§ PROBLEM TO WORK ON: Transcribe, exactly and without pictures, the lines below from the line with "予感に対して魔術師Flameer 3色選べる 100ml" to the line with "SAT, Ministerialprotokoller, klokkerbøker", both ends included, and no others.

§ RECORDS PROVIDED:

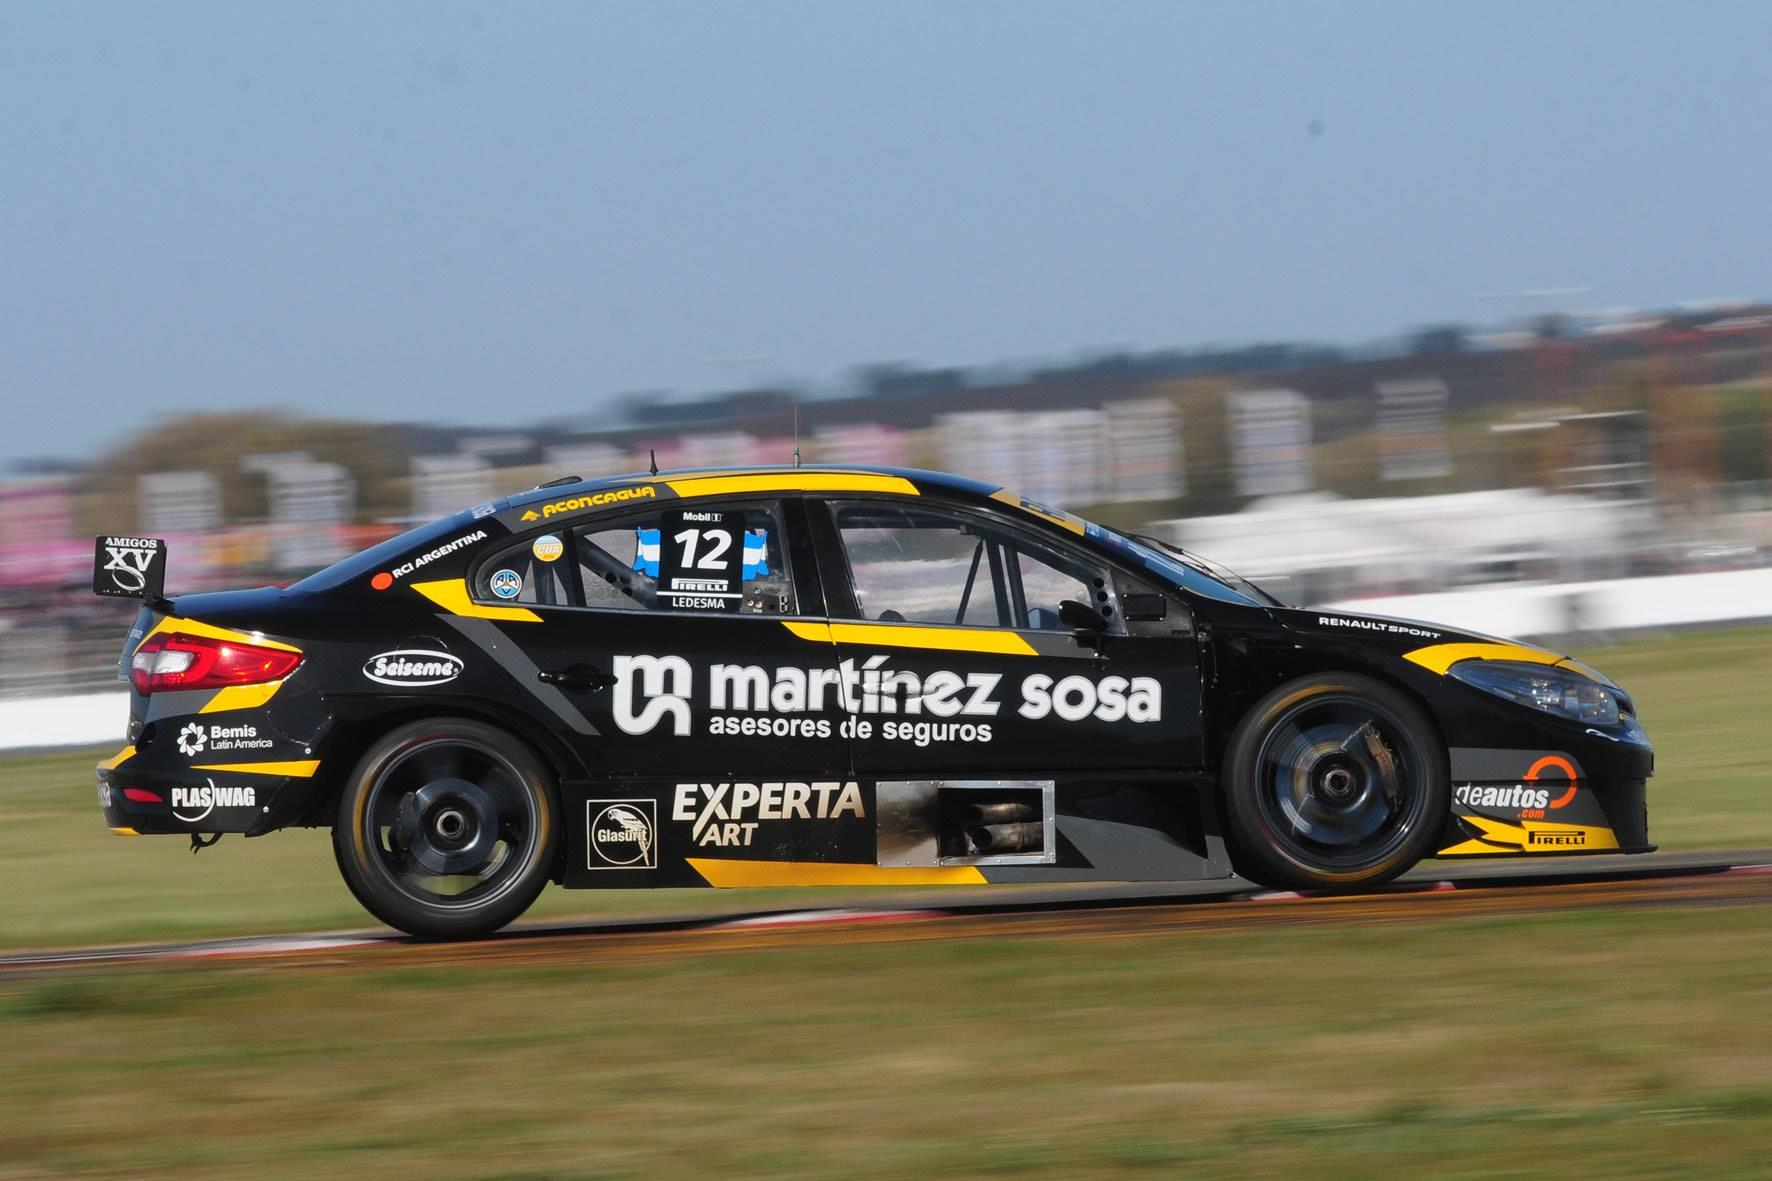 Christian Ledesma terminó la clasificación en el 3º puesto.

---

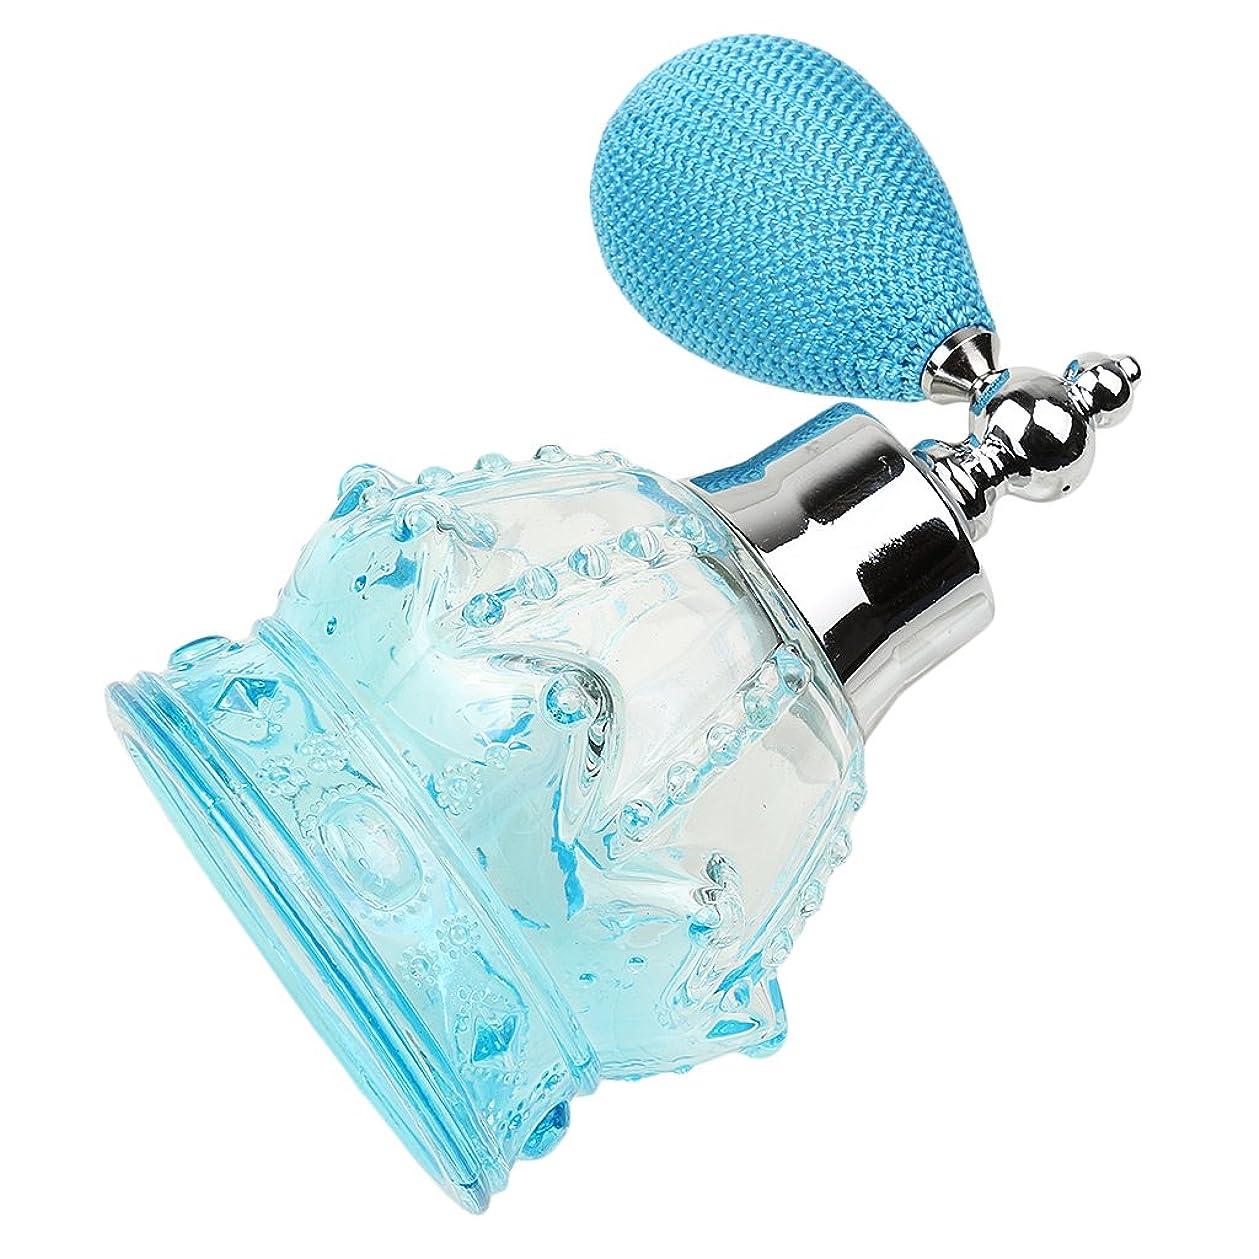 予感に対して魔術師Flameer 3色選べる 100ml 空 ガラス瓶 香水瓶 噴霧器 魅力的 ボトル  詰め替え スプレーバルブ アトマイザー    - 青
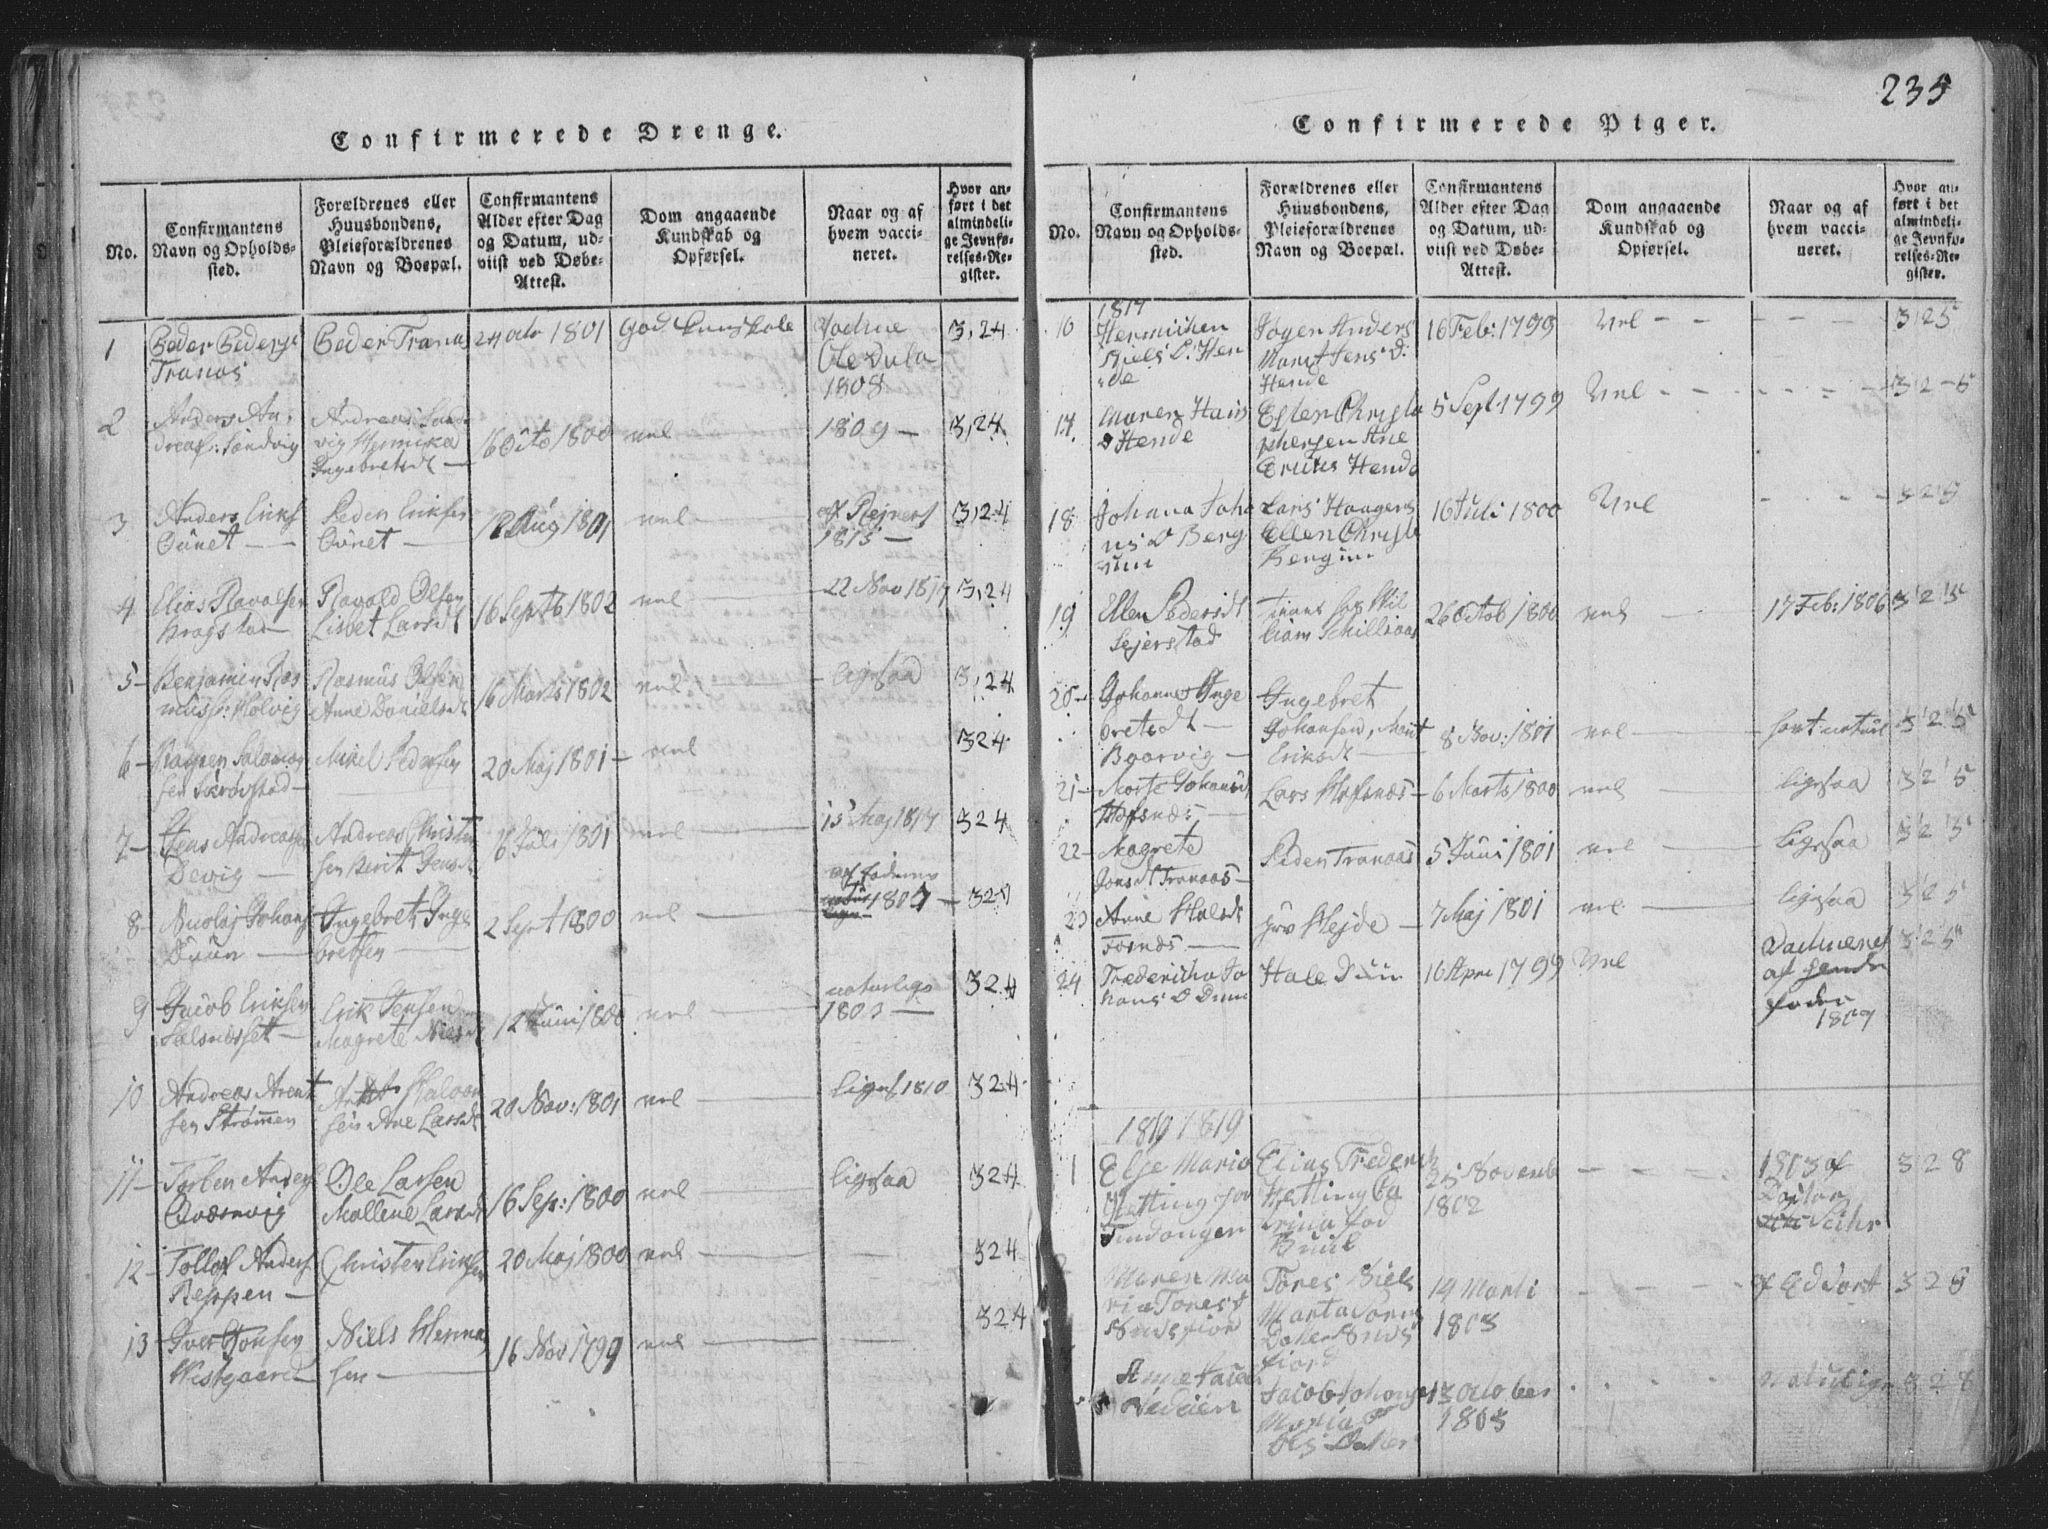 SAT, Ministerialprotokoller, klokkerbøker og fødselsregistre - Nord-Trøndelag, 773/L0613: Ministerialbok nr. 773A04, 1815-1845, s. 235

...

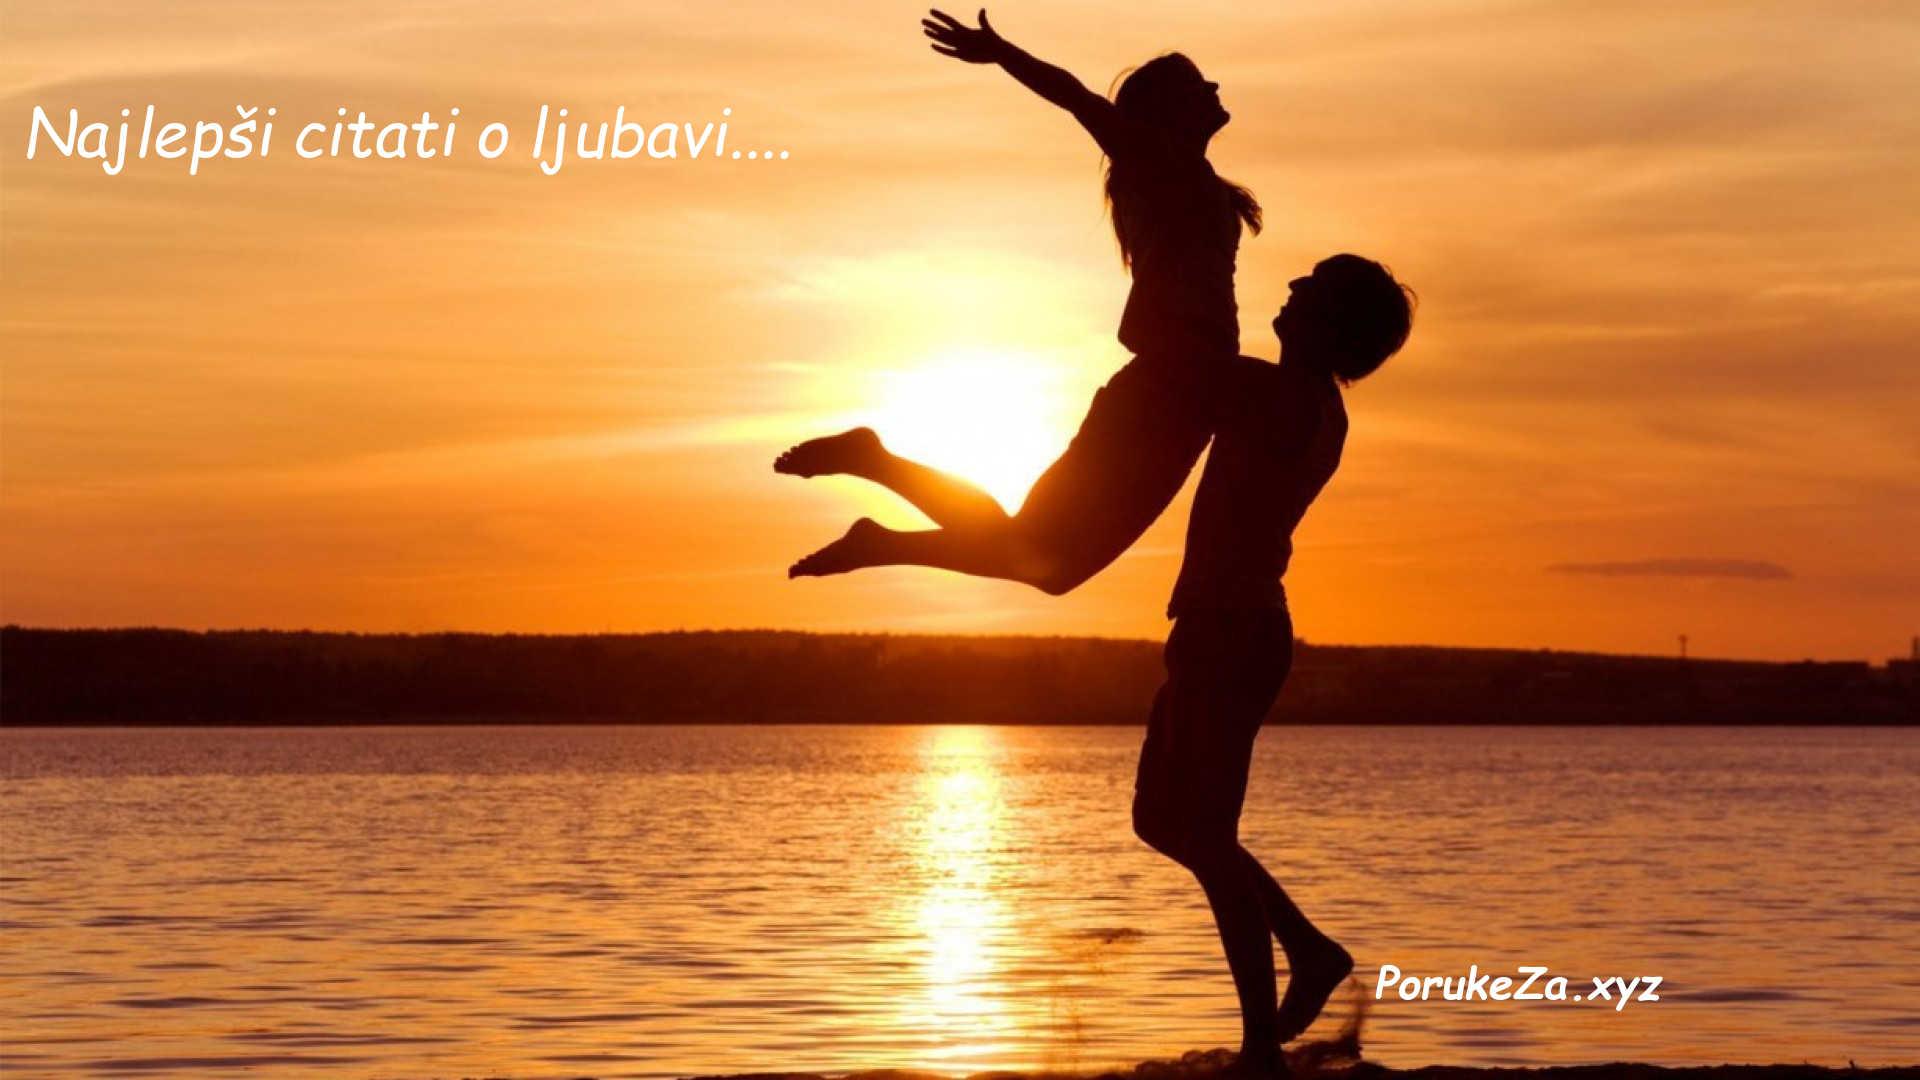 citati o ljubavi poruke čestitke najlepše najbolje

§ TASK ANSWER:
 予感に対して魔術師Flameer 3色選べる 100ml 空 ガラス瓶 香水瓶 噴霧器 魅力的 ボトル  詰め替え スプレーバルブ アトマイザー    - 青
 SAT, Ministerialprotokoller, klokkerbøker og fødselsregistre - Nord-Trøndelag, 773/L0613: Ministerialbok nr. 773A04, 1815-1845, s. 235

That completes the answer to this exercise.